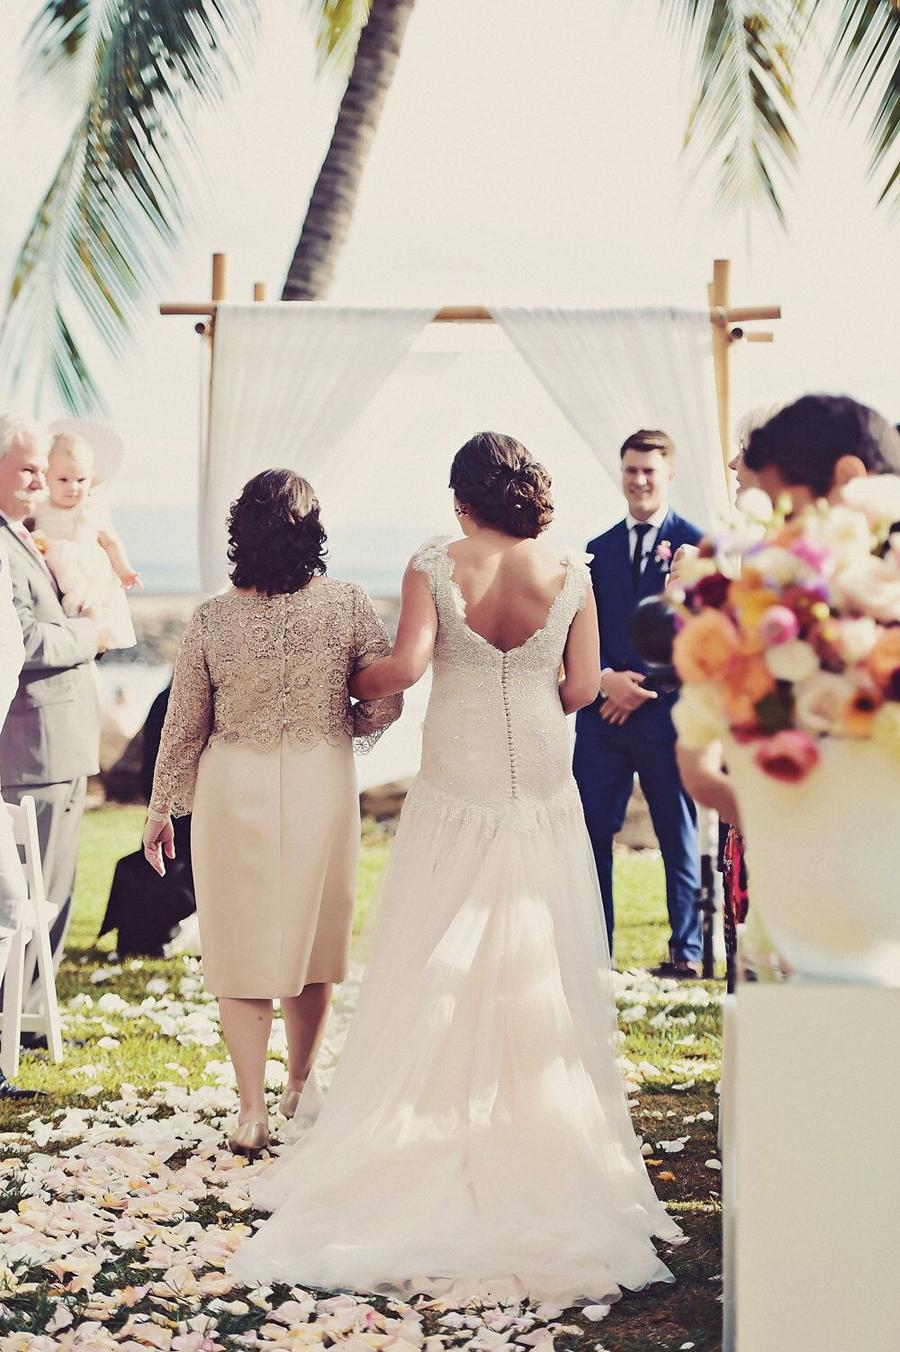 Ceremony, Ceremony Space, Ceremony Design, Wedding, Wedding Day, Bride, Groom
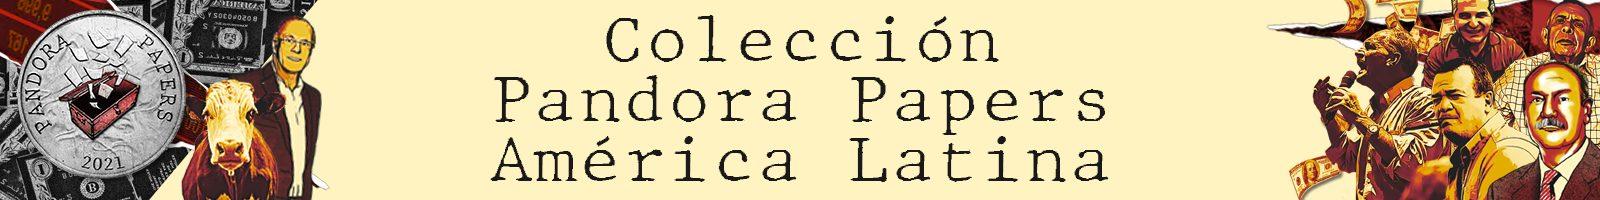 coleccion-latam-banner
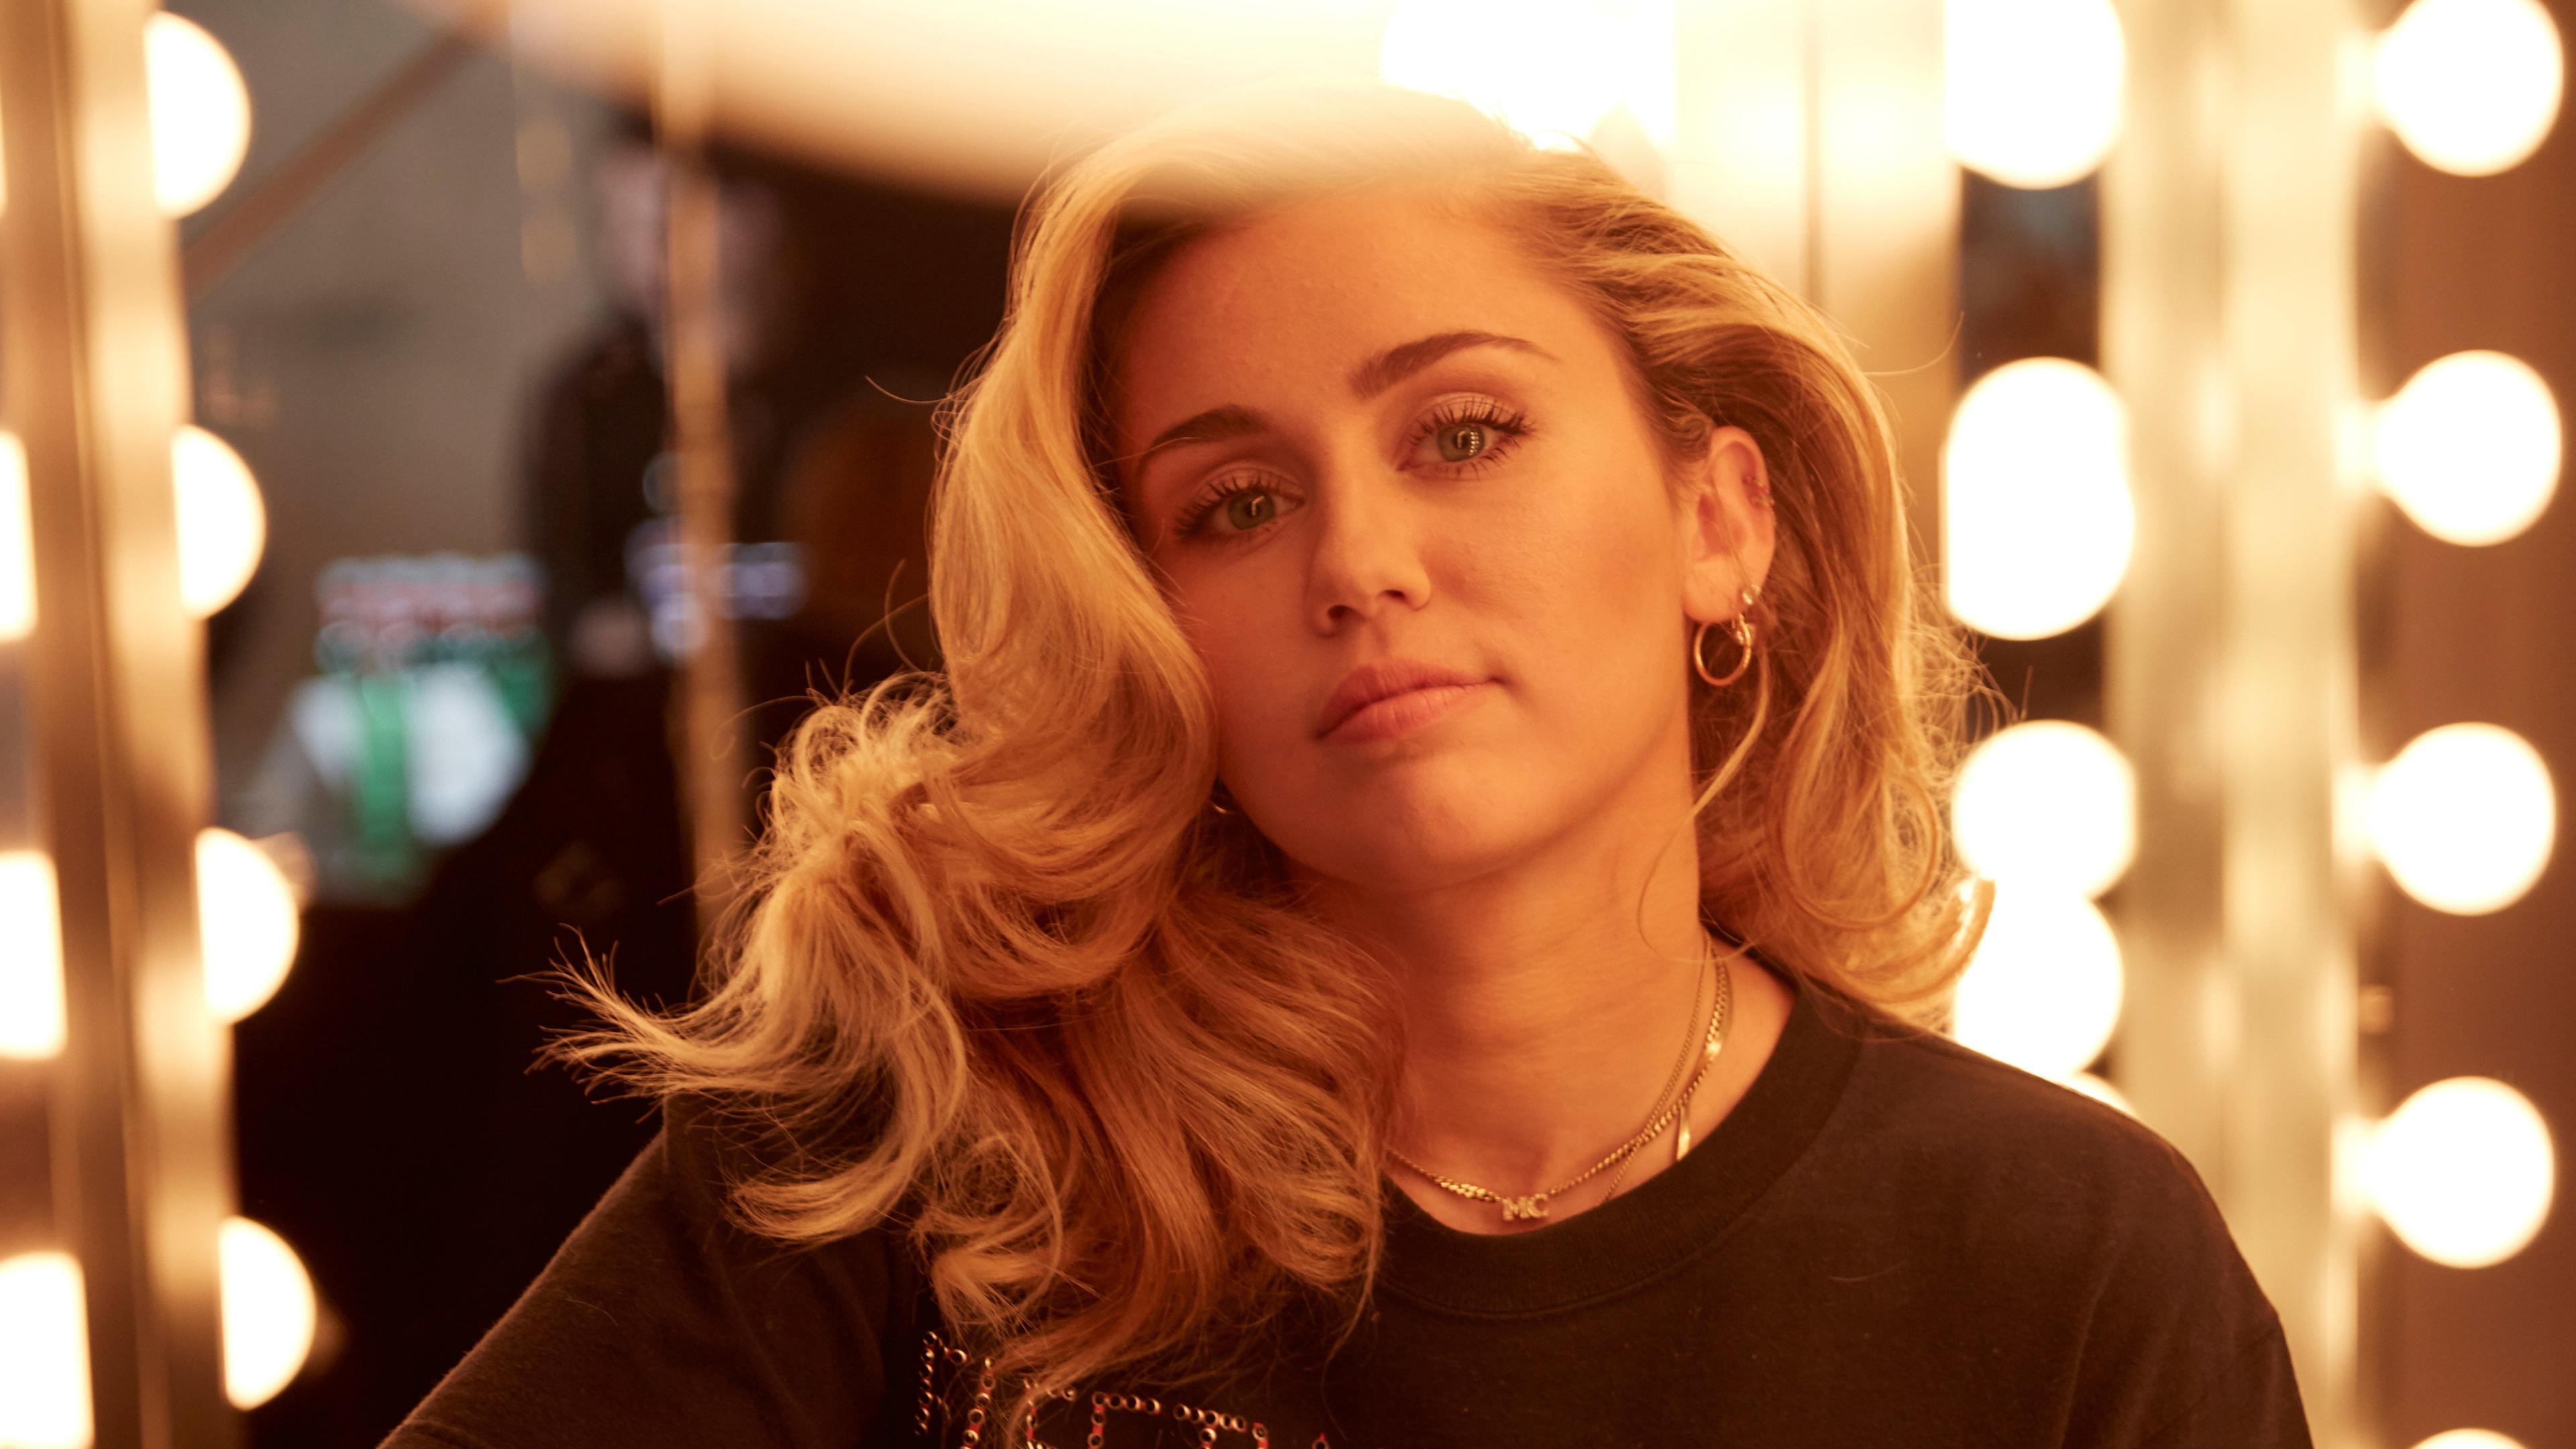 miley cyrus 2019 4k 1553073518 - Miley Cyrus 2019 4k - music wallpapers, miley cyrus wallpapers, hd-wallpapers, girls wallpapers, celebrities wallpapers, 5k wallpapers, 4k-wallpapers
- - -
#### [The task]
The output has to match the data above line for line, except that pictures are dropped.

#### [Your solution]
 Ceremony, Ceremony Space, Ceremony Design, Wedding, Wedding Day, Bride, Groom
 coleccion-latam-banner
 miley cyrus 2019 4k 1553073518 - Miley Cyrus 2019 4k - music wallpapers, miley cyrus wallpapers, hd-wallpapers, girls wallpapers, celebrities wallpapers, 5k wallpapers, 4k-wallpapers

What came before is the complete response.